# what the hell is this?????



## garydogz

This is Dutch. She is a mystery. Bit of a mongrel but any ideas as to the ingredients?


----------



## sullivan

American bull dog cross possibly at my guess.


----------



## sullivan

garydogz said:


> This is Dutch. She is a mystery. Bit of a mongrel but any ideas as to the ingredients?


Have a look at MORRIS on here its my brothers dog yours is a spit in build etc.


----------



## garydogz

sullivan said:


> Have a look at MORRIS on here its my brothers dog yours is a spit in build etc.


Thanks but where is Morris?


----------



## sullivan

garydogz said:


> Thanks but where is Morris?


Click on members list and then click on m and scroll down till you find the name then just click on it. It will bring up his pics etc and you can have a look.


----------



## sullivan

You can click my name and he is one of my friends .


----------



## garydogz

sullivan said:


> Click on members list and then click on m and scroll down till you find the name then just click on it. It will bring up his pics etc and you can have a look.


Thanks.
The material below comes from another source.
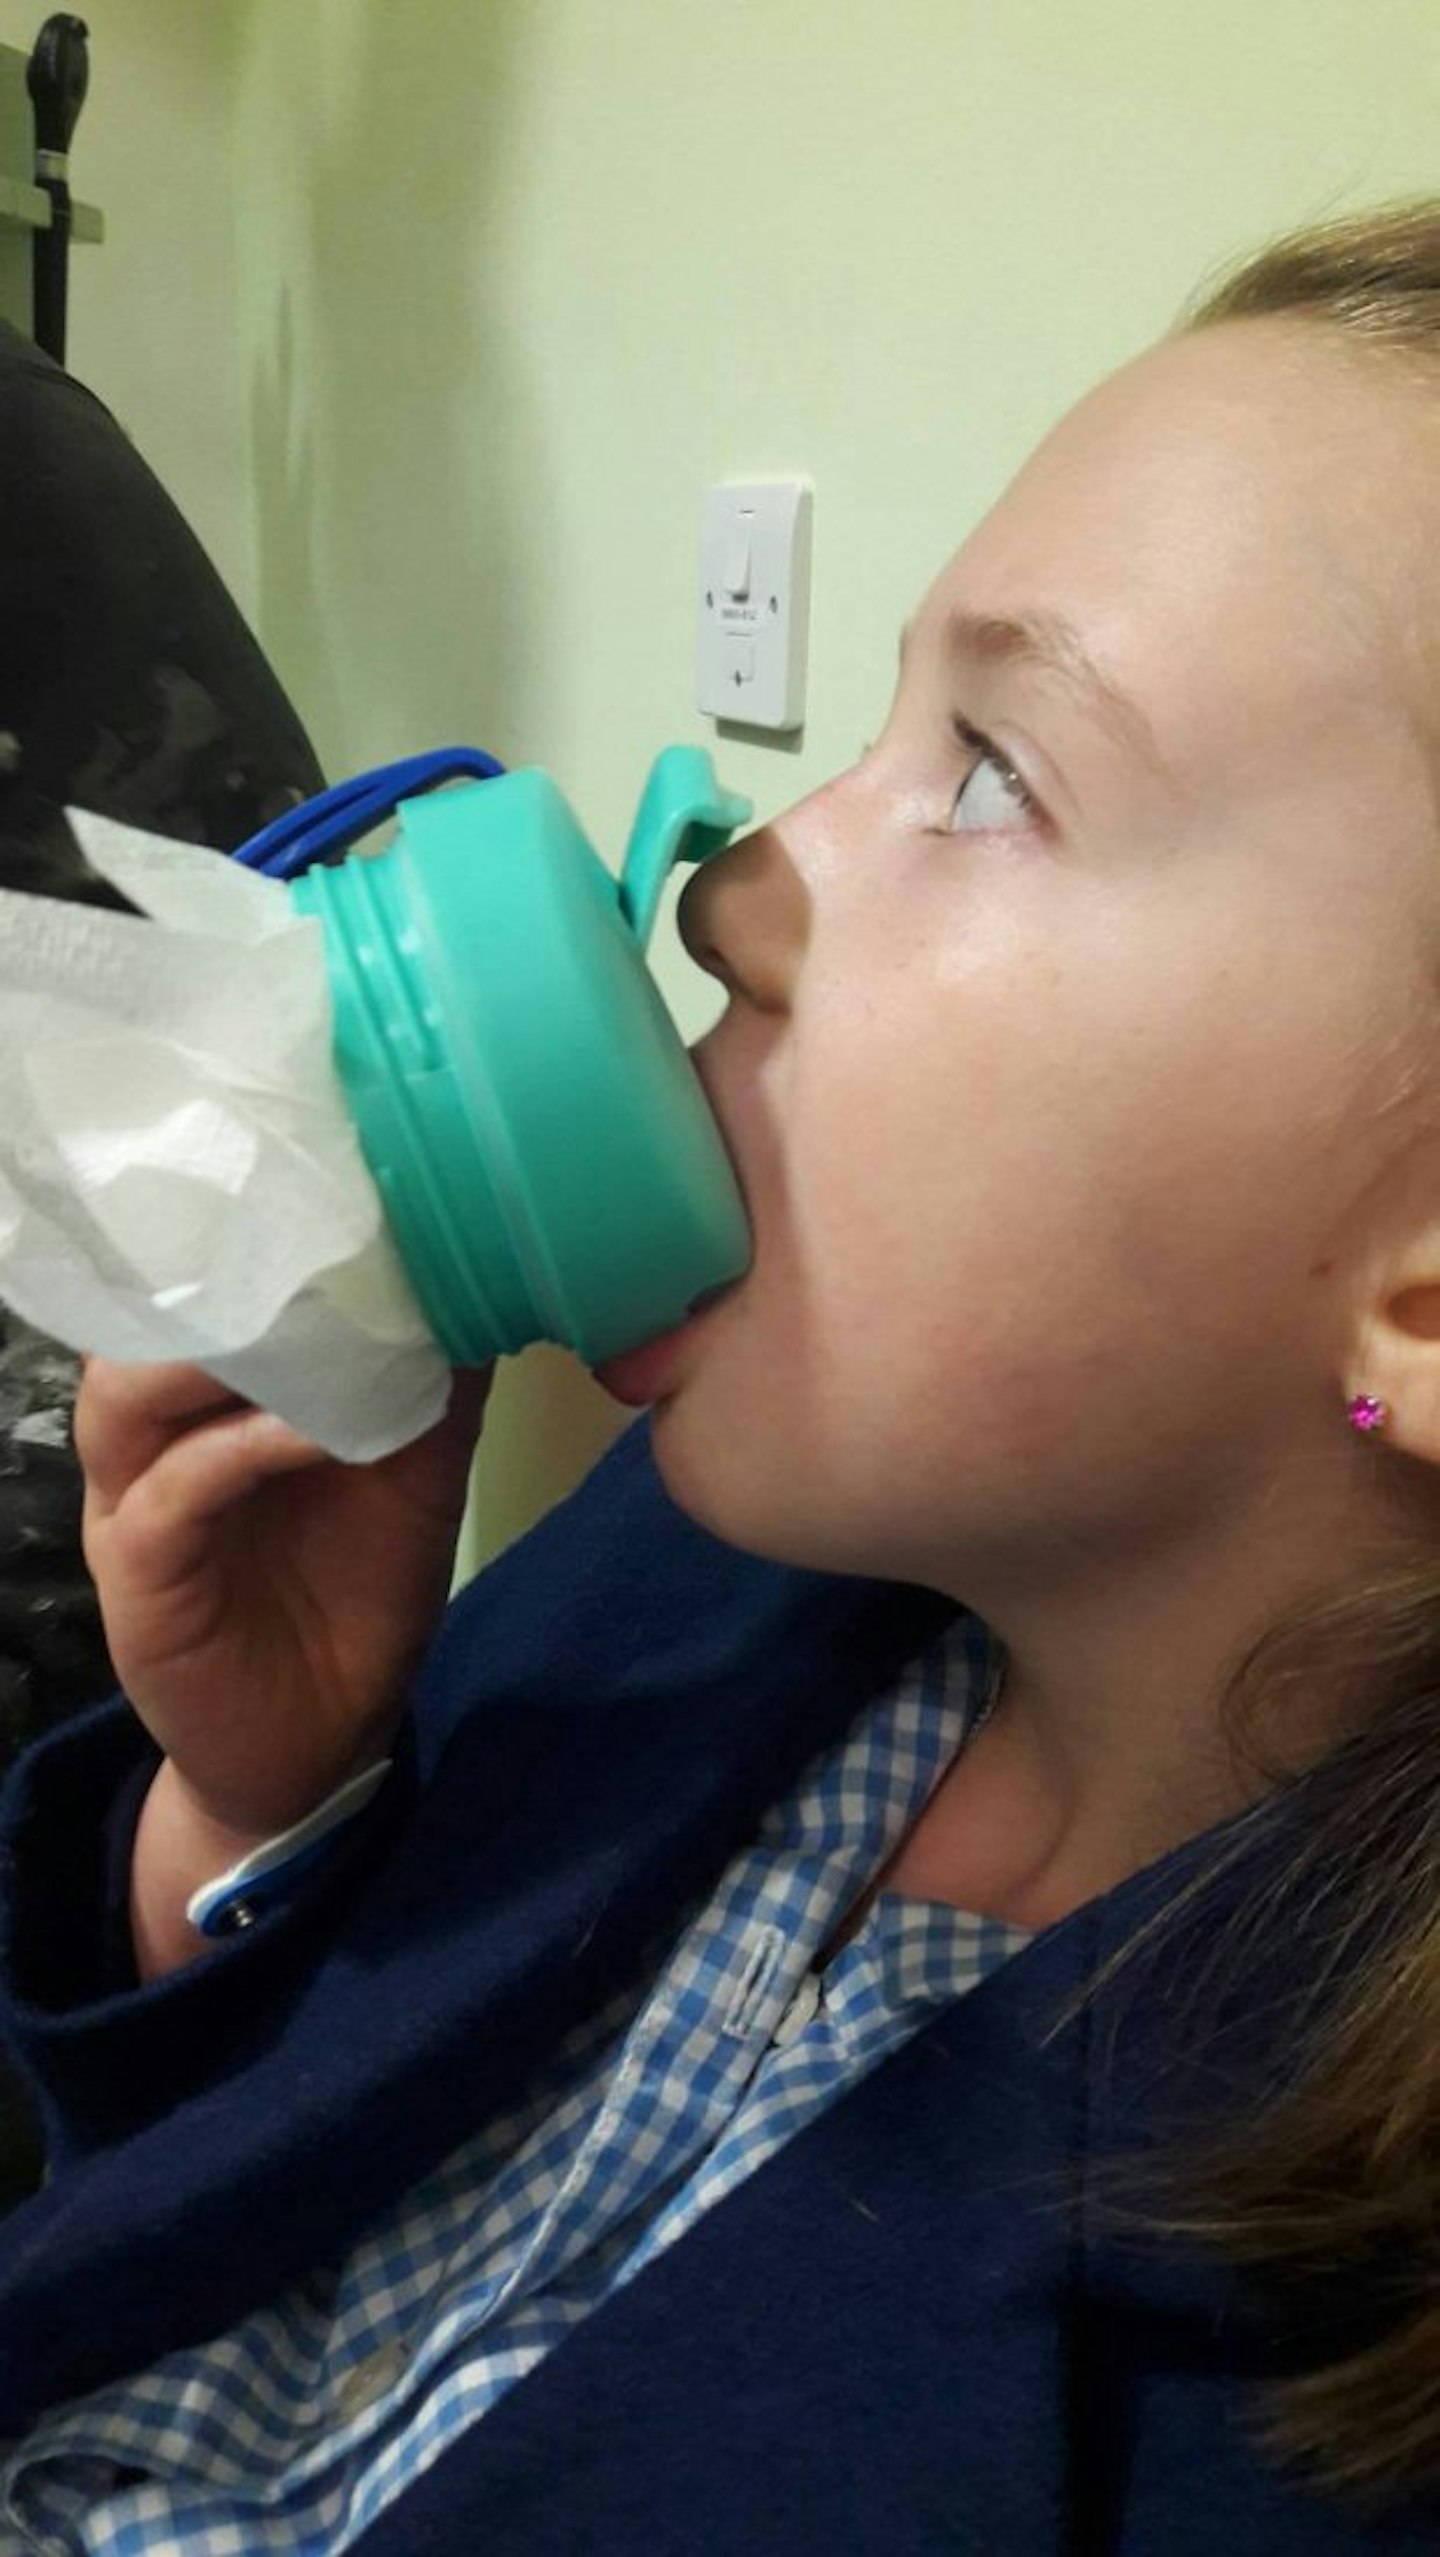 7-year-old-girl-megan-donald-natalie-rushed-hospital-tongue-trapped-disney-cup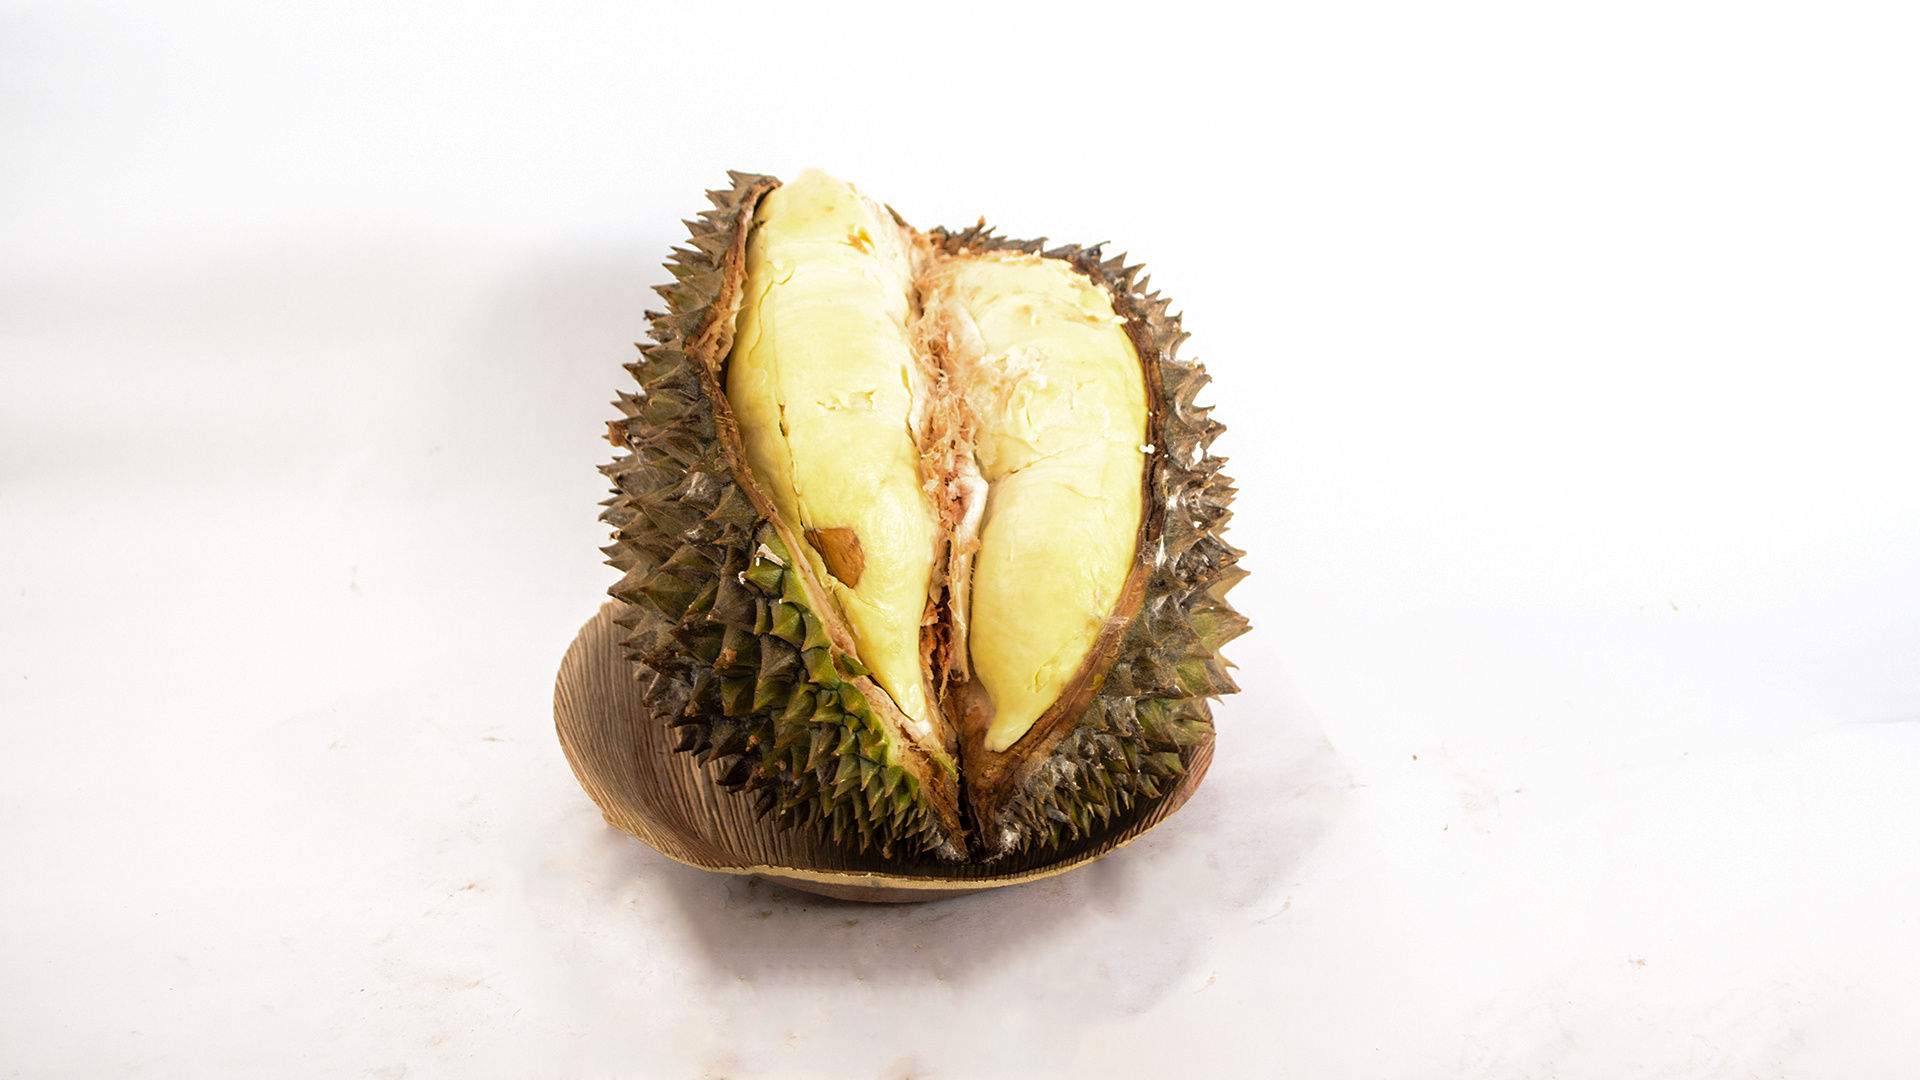 Durian: A peak harvest season occurs from June to August, A seasonal fruit. 1920x1080 Full HD Background.

Got it.
There is some resemblance there OK. Even down to the spots!


----------



## Guest

I dont know what she is but she looks lovely has she recently had pups?x


----------



## scosha37

I think she looks like a staff bulldog cross....its the legs that do it there like bullys legs dont yaa think?

yeah looks like shes had puppies all right....


----------



## twinclaire

i dont know but she is beautiful
mel xx


----------



## MelanieW34

The photo of her from the front certainly looks like she has bulldog in her, fine looking dog though whatever her parentage


----------



## sharkey

She is lovely.


----------



## Guest

American Pit bull Crossed with ????
beautiful dog


----------



## Nicoleta

English bulldog x Pit Bull. Or only very good train Pit bull...


----------



## SpringerHusky

AM. Staff/Pitt x English Bulldog, funny little mix very very cute


----------



## morris

english bull terrier, american bull and british bull maybe?


----------



## Local_oaf1

Pit bull/Dalmation


----------



## andrea 35

American bull dog , maybe with staffy , cos of the lack of height , nice looking dog .


----------



## sullivan

morris said:


> english bull terrier, american bull and british bull maybe?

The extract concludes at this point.